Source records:

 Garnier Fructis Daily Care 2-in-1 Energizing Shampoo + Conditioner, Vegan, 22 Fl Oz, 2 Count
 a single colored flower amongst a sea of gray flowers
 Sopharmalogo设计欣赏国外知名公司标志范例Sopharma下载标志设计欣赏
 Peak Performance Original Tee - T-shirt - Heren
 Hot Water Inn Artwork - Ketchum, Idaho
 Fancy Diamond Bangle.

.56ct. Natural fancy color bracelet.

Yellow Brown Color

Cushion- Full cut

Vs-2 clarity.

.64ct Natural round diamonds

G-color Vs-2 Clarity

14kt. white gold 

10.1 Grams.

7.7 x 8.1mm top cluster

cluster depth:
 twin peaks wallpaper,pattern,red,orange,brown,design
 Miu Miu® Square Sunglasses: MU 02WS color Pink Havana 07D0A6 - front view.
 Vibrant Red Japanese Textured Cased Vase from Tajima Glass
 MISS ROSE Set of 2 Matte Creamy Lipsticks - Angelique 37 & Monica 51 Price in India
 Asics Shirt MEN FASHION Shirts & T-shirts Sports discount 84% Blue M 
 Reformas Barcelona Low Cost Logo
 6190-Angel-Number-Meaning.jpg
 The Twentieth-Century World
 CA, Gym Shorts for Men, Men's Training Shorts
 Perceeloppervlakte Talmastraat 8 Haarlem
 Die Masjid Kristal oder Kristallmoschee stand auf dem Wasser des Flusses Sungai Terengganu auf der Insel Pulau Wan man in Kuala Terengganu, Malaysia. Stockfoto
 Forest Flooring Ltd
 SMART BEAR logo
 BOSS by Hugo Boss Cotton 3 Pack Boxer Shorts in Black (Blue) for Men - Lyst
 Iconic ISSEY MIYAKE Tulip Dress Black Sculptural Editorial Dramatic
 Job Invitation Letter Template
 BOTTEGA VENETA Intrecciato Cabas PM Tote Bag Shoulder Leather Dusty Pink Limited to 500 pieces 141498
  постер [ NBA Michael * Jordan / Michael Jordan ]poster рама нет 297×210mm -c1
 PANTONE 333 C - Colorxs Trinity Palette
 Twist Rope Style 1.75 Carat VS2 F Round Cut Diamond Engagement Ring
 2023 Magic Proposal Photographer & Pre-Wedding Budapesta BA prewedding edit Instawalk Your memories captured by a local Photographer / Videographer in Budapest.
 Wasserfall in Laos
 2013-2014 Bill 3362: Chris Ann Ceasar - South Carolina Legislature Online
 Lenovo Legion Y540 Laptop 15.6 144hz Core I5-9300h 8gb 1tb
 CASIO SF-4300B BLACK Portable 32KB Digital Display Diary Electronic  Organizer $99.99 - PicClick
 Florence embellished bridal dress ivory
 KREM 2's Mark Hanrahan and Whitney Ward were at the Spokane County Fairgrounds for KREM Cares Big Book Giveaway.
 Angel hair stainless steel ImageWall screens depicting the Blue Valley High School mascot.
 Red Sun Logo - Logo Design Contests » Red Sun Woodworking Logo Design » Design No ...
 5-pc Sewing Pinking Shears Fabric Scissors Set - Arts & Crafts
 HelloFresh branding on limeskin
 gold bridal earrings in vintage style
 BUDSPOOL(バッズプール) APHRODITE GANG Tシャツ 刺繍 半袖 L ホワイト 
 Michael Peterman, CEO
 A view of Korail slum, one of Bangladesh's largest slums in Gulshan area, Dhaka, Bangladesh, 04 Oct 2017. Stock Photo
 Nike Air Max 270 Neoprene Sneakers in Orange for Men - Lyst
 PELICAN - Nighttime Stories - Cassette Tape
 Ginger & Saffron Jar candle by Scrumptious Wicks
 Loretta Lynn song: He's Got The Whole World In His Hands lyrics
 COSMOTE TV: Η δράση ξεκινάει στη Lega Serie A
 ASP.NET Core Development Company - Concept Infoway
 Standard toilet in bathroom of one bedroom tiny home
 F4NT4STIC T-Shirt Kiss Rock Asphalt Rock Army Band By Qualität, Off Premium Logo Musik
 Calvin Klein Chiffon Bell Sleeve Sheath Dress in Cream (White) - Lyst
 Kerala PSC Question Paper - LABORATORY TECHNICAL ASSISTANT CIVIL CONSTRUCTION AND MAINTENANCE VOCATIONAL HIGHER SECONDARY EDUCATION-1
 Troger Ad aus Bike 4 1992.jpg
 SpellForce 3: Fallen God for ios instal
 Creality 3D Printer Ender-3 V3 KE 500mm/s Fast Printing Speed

INSTRUCTIONS FOR THE TASK: Write out, from the lines above, only those from the line with "G-color Vs-2 Clarity" to the line with "2013-2014 Bill 3362: Chris", exactly as given, including the first and the last.

FINISHED EXERCISE:
G-color Vs-2 Clarity

14kt. white gold 

10.1 Grams.

7.7 x 8.1mm top cluster

cluster depth:
 twin peaks wallpaper,pattern,red,orange,brown,design
 Miu Miu® Square Sunglasses: MU 02WS color Pink Havana 07D0A6 - front view.
 Vibrant Red Japanese Textured Cased Vase from Tajima Glass
 MISS ROSE Set of 2 Matte Creamy Lipsticks - Angelique 37 & Monica 51 Price in India
 Asics Shirt MEN FASHION Shirts & T-shirts Sports discount 84% Blue M 
 Reformas Barcelona Low Cost Logo
 6190-Angel-Number-Meaning.jpg
 The Twentieth-Century World
 CA, Gym Shorts for Men, Men's Training Shorts
 Perceeloppervlakte Talmastraat 8 Haarlem
 Die Masjid Kristal oder Kristallmoschee stand auf dem Wasser des Flusses Sungai Terengganu auf der Insel Pulau Wan man in Kuala Terengganu, Malaysia. Stockfoto
 Forest Flooring Ltd
 SMART BEAR logo
 BOSS by Hugo Boss Cotton 3 Pack Boxer Shorts in Black (Blue) for Men - Lyst
 Iconic ISSEY MIYAKE Tulip Dress Black Sculptural Editorial Dramatic
 Job Invitation Letter Template
 BOTTEGA VENETA Intrecciato Cabas PM Tote Bag Shoulder Leather Dusty Pink Limited to 500 pieces 141498
  постер [ NBA Michael * Jordan / Michael Jordan ]poster рама нет 297×210mm -c1
 PANTONE 333 C - Colorxs Trinity Palette
 Twist Rope Style 1.75 Carat VS2 F Round Cut Diamond Engagement Ring
 2023 Magic Proposal Photographer & Pre-Wedding Budapesta BA prewedding edit Instawalk Your memories captured by a local Photographer / Videographer in Budapest.
 Wasserfall in Laos
 2013-2014 Bill 3362: Chris Ann Ceasar - South Carolina Legislature Online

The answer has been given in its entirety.